If you decide to switch, let your veterinarian know. If they ask why you’re leaving, you can give an honest, constructive answer. You can tell them it’s not a good match, and if you want, you can be straightforward about your specific concerns.

Then, request a copy of all your pet's records, which you’re legally entitled to. Most records are digital and can be sent to your new veterinarian easily, or you can ask the receptionist for copies. Your new vet will need this information, including any x-rays, bloodwork, and other test results that may help the new vet understand your pet’s current condition and diagnose future problems.  

When you’re looking for a veterinarian, recommendations from people you know can be helpful.  The veterinarian you choose for your pet should be someone whose values match yours – and someone you can see trusting with your pet’s care. A visit to your potential veterinarian’s office can give you helpful insight on the office itself, the veterinarian(s) who work there, and the care they provide.

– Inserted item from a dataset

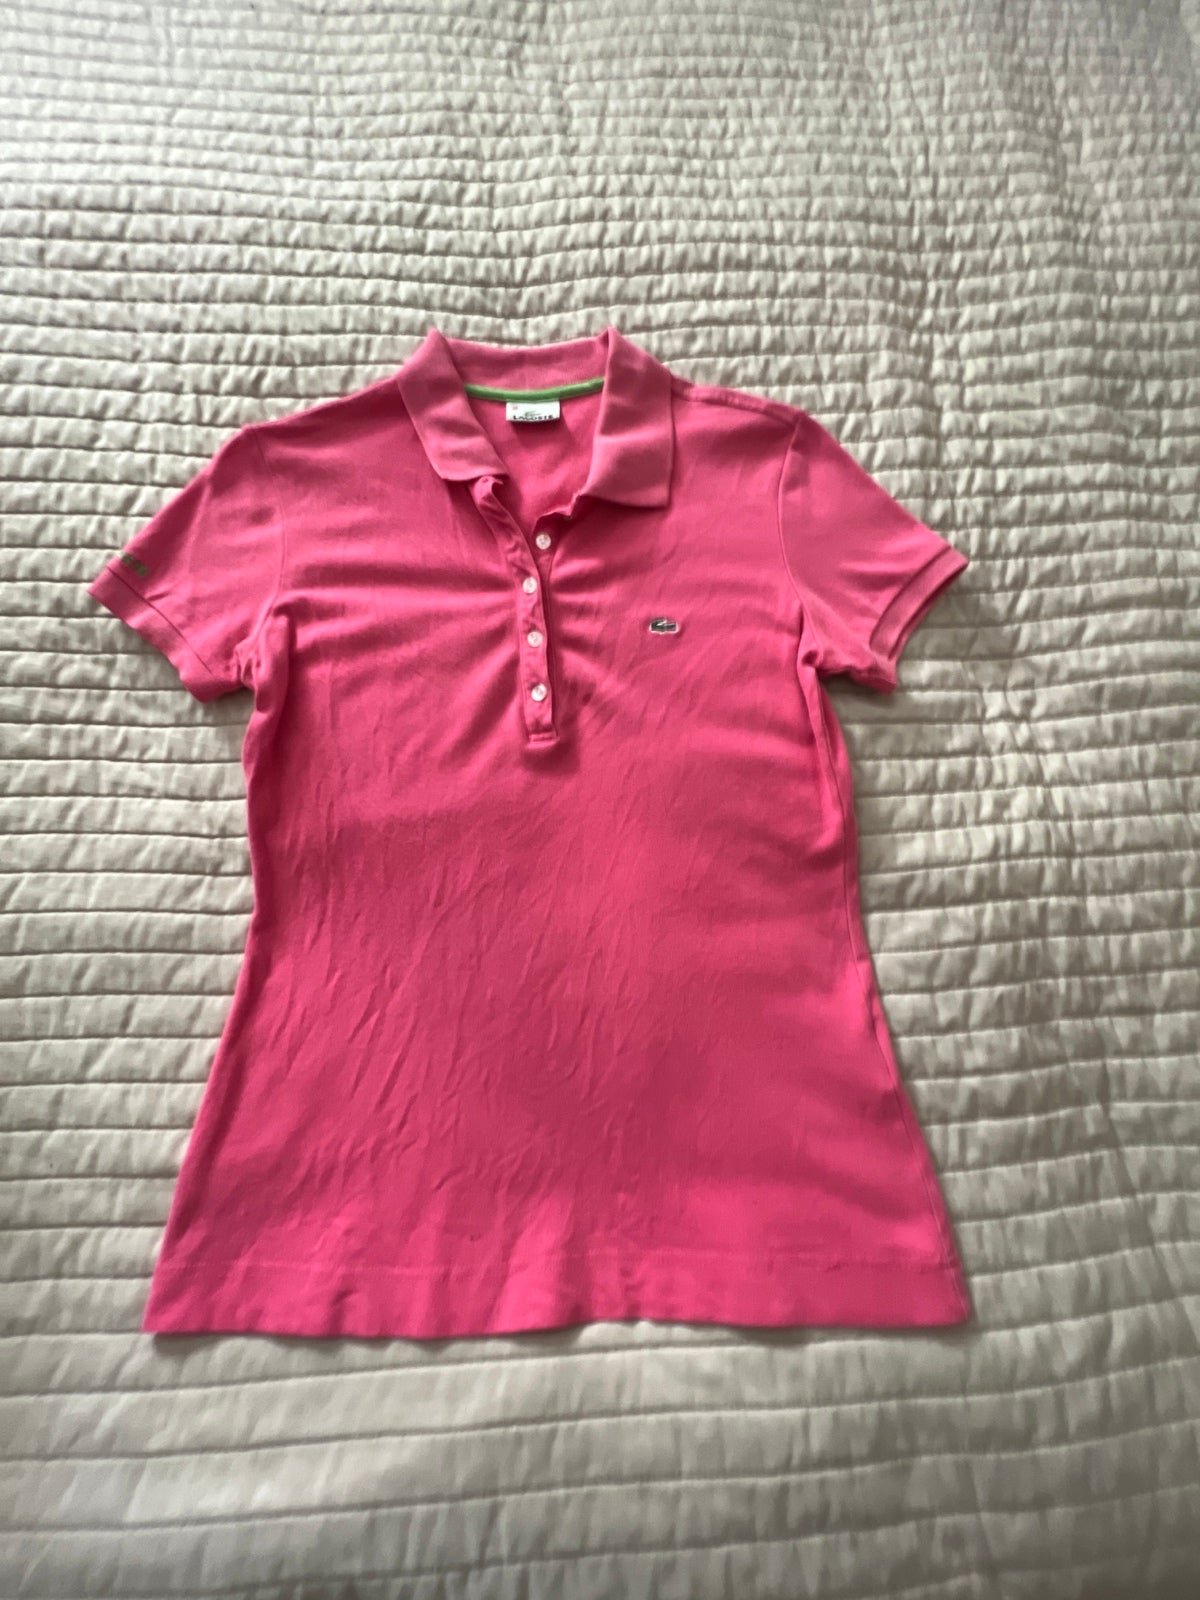 good price Lacoste Pink Short Sleeve polo shirt grXpshh

  • When should you get a second opinion from a veterinarian? If you’re not happy with the care your pet has received, or you think your veterinarian’s diagnosis or approach to treatment is wrong or  not appropriate, you should consider getting a second opinion. 
  • Is it bad to switch vets? No. Being unsatisfied with the care your pet has received from your current veterinarian is one reason to switch, but you can switch for any reason, such as convenience and cost. 
  • Are there single-species veterinarians? Yes. Some veterinarians specialize in one species, such as horses. There are also single-species practices (like feline-only practices).